In time Beah no longer felt the desire to run from anyone. He believed himself to be a part of something. The boy soldiers were told that they were defending their country and were honorable for doing so. The combination of all the drugs made the boys feel menacing. According to Beah, "The idea of death didn't cross my mind, and killing had become as easy as drinking water. After that first killing, my mind had stopped making remorseful records, or so it seemed." Beah saw all rebels as the ones who shot his friends and family. Killing never made him feel better, however. As rebels were captured, they were violently tortured and killed, and the soldiers, even the boy soldiers, would cheer. Civilians were often told to do tasks for the soldiers, and if they complained or tried to run, they were shot just as the rebels were.


The lives of the young soldiers were carefully planned. The boys weren't given time to be alone or to think. According to Beah, "When we conversed with one another, we talked only about the movies and how impressed we were with the way either the lieutenant, the corporal or one of us had killed someone. It was as if nothing else existed." He went on to say, "My squad was my family, my gun was my provider and protector and my rule was to kill or be killed." After more than two years of fighting, killing became a part of Beah's daily routine. He had been programmed not to feel pity. Beah's childhood was taken away from him, and he began to see this new life as normal.

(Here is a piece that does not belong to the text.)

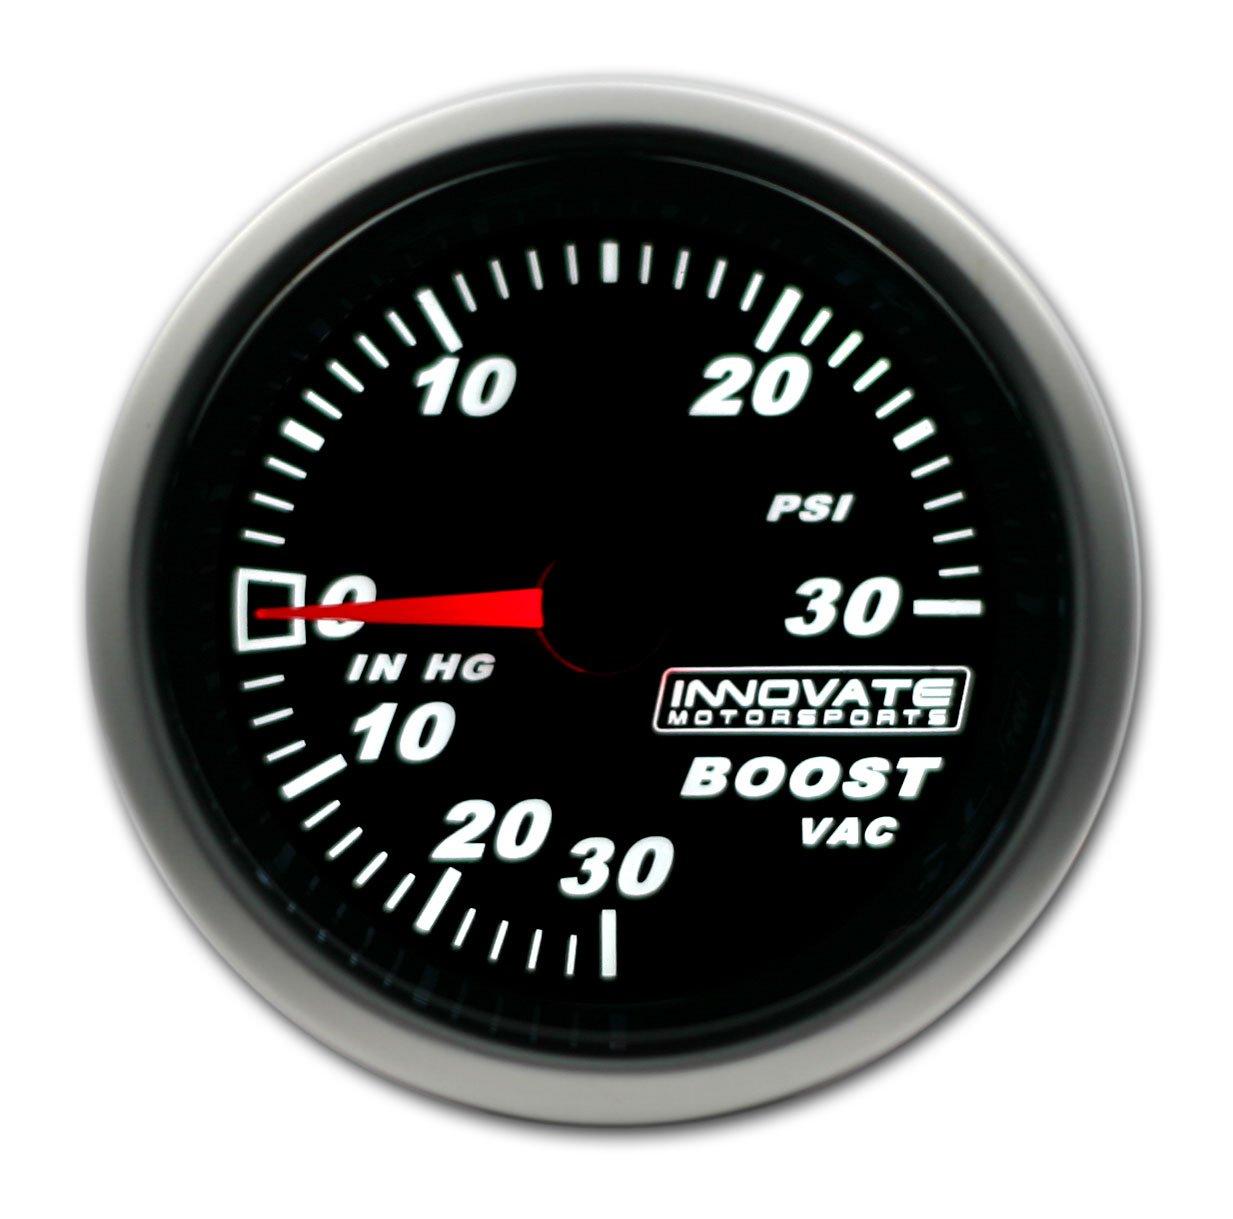 Innovate Motorsports 3816 G3 Vacuum/Boost Gauge Kit (2-1/16 52mm) Mechanical

In January of 1996, Beah's life was about to experience another major change. The boy soldiers watched as four men wearing t-shirts that said "UNICEF" arrived in a truck. Almost as if expected, they were sent to the lieutenant's house. After these men and the lieutenant talked, all the boys were told to line up, and the lieutenant selected a few boys, took away their guns and ammunition, and sent them to the truck. Beah was one of the boys selected, and he felt confused and angry. After hours of traveling, the boys arrived at a center where they were put together with other boys. These other boys were ones who fought for the rebel enemy, the Revolutionary United Front. Together in this center were boys who fought each other. Several rebel boys who were able to keep their bayonets drew them out and attempted to attack the other boys. It was war within the center. Looking back at the situation as an adult, Beah wrote in his 2007 article, "Perhaps the naïve men who had taken us to the center thought that removing us from the war would lessen our hatred for the R.U.F. It hadn't crossed their minds that a change of environment wouldn't immediately make us normal boys; we were dangerous, brainwashed to kill." During this war in the center, six boys were killed. That evening the boys were moved to Benin Home, a rehabilitation center run by an NGO group called Children Associated With the War.


Beah found himself being told what to do by civilian men. All the boys found this difficult, and they fought the medical checkups and one-on-one counseling sessions. The drugs given to them by the soldiers were beginning to wear off the boys, and they struggled with cravings. One evening several of the boys even broke into the mini-hospital set up in the home in an attempt to drug themselves. The boys were violent and fought every attempt made to change the harsh brainwashing that had been done to them. Eventually, after a few months, some of the boys started getting through the withdrawal stage, and the violence began to lessen. Once they had time to think about their experiences during war, the boys turned to violence again in order to avoid the difficult images. Beah eventually relearned how to sleep without medicine, but it took several months to do this. His nightmares continued, however. He couldn't reach the memories of his life before the war.


Beah eventually shared the truth about his experiences to Ester, a nurse at the mini-hospital, when she questioned the multiple wounds on his legs, bullet wounds he received during an enemy ambush. According to Beah, "I told her the whole story not because I really wanted to but because I thought that if I told her some of the truth of my war years, she would be afraid of me and would cease asking questions." Beah was told by the nurse as well as the other staff members that what happened wasn't his fault. He was only a child. Eventually most of the boys at the center found someone they could trust.